Vetiver, again, here, comes in with tooling, wherever you are in these stages, to help you move to the next stage. As one example, the R package has in it a flex dashboard template for getting started with model monitoring to make a nice dashboard for you to be able to share with your coworkers. It has code that allows you to see, okay, here is how I would make a plot measuring statistical performance. Here is how I would make a plot monitoring inputs. Here is how my model works. Here I can share this visual documentation so people can understand what the inputs and outputs for my model are.
Okay. So what we've talked about is understanding what performance means when it comes to models and how it's important to understand both the software and the statistical characteristics of a model. We talked about measuring both inputs and outputs to really get a handle on these different kinds of drift.
I want to say this is the knowledge to have, and also this is what we need tools, really nice tools to be able to work on in order to have a model that's easier to maintain, a model that's resilient, and a model that is successful not just at the moment when we deploy it, but a model that is successful in the long term.
a model that's resilient, and a model that is successful not just at the moment when we deploy it, but a model that is successful in the long term.
You may have noticed there's a URL at the bottom of these slides, and these slides are posted there. You can go and visit all the links that I included, and I especially invite you if you're interested in getting started with model monitoring or even some of those earlier stages like deploying your model to check out vetiver, see if it's a good fit for you, whether you work in R or in Python, and with that, I will say thank you so much and see if there's any time for questions.
Q&A
We do indeed have a few minutes for questions, so if you haven't already loaded up the Slido page for this room, please do do so and submit any questions you have. I do have one on the screen, so the question is, does model monitoring tie in with model fairness?
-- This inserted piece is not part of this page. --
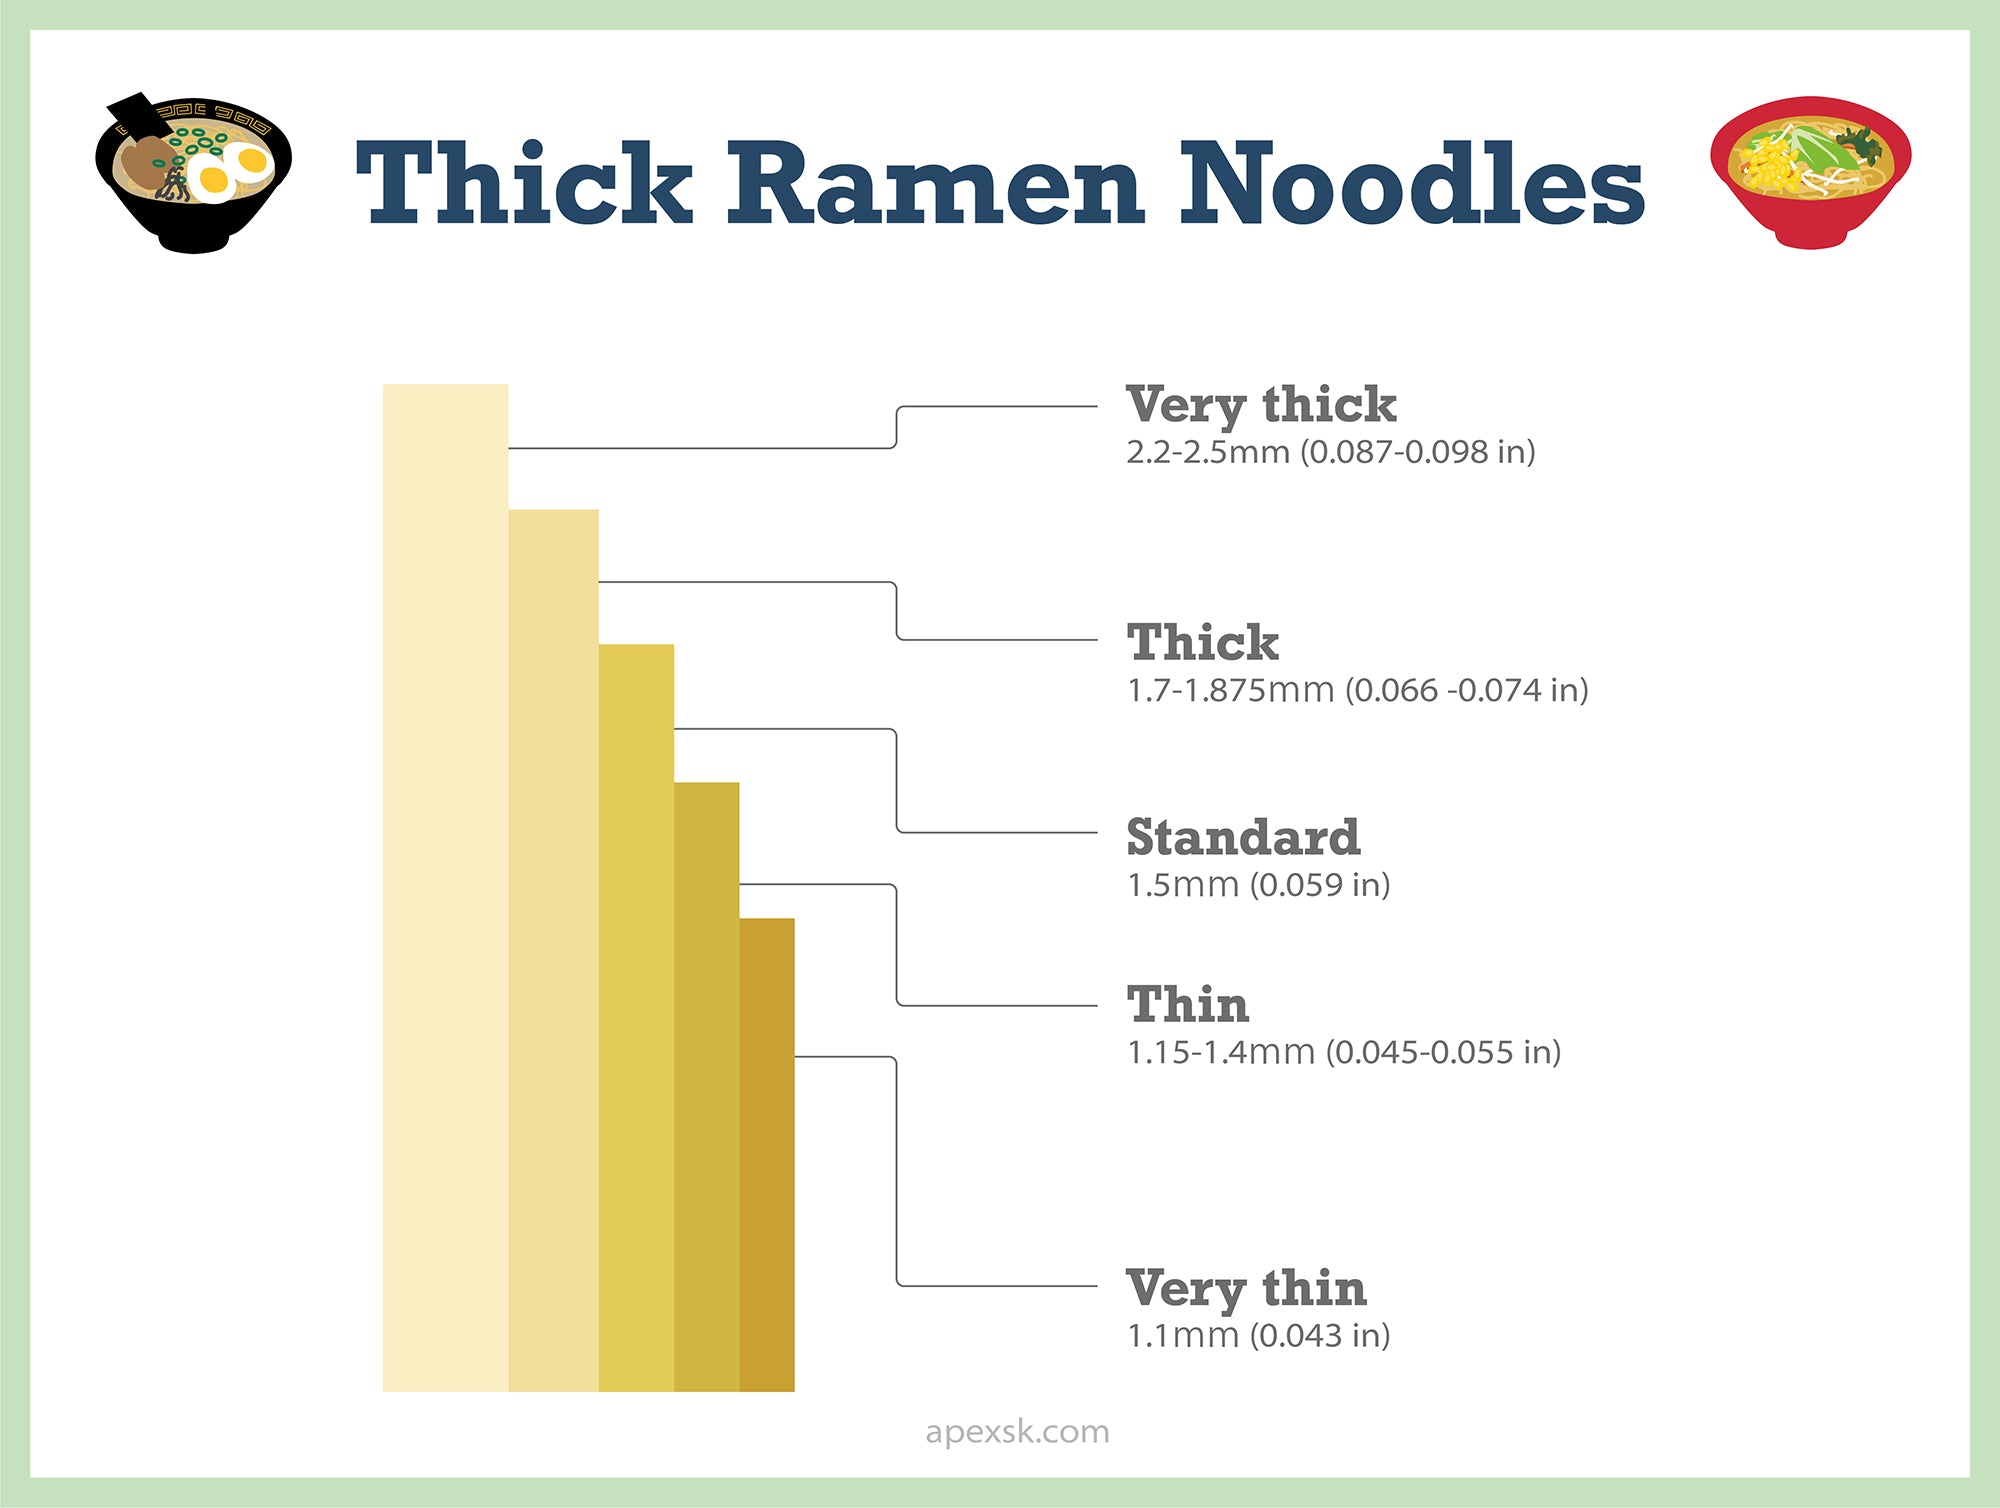 Thick Ramen Noodles: Feeling Like Getting Thick Ramen?

Oh, that's a great question.
So much like during model development when you're making a model, you might want to measure model fairness for, say, different versions of a model, or you might want to even tune a model with its hyperparameter so it has the fairness characteristics that you have. In the same way, you can use fairness metrics when you're monitoring. So over time, you can measure and keep a track on how these kinds of fairness can work. So when people say fairness, they're usually talking about metrics. So picture these as things you measure about a model, usually disaggregated by some protected characteristics. And the other sort of related thing would be explainability. So sometimes people say fairness and are a little vague, but fairness metrics absolutely fits perfectly in this. Explainability, you would probably not monitor explainability over time, but rather make sure you can return explainability with any given prediction.
Thank you. One more question. One more. Okay. Just enough time. Is there a way to put confidence intervals on the monitoring metrics? Ah, yes. So depending on the aggregation, the time aggregation that you use for model monitoring, you have a certain number of observations in then. And then you can use the, when you have that sort of feedback loop where you have the real answer of whatever the prediction should be, depending, let's say in a week, you have a thousand examples. You can use those thousand examples to estimate exactly a confidence interval on what the, or an interval on the metric that you're measuring.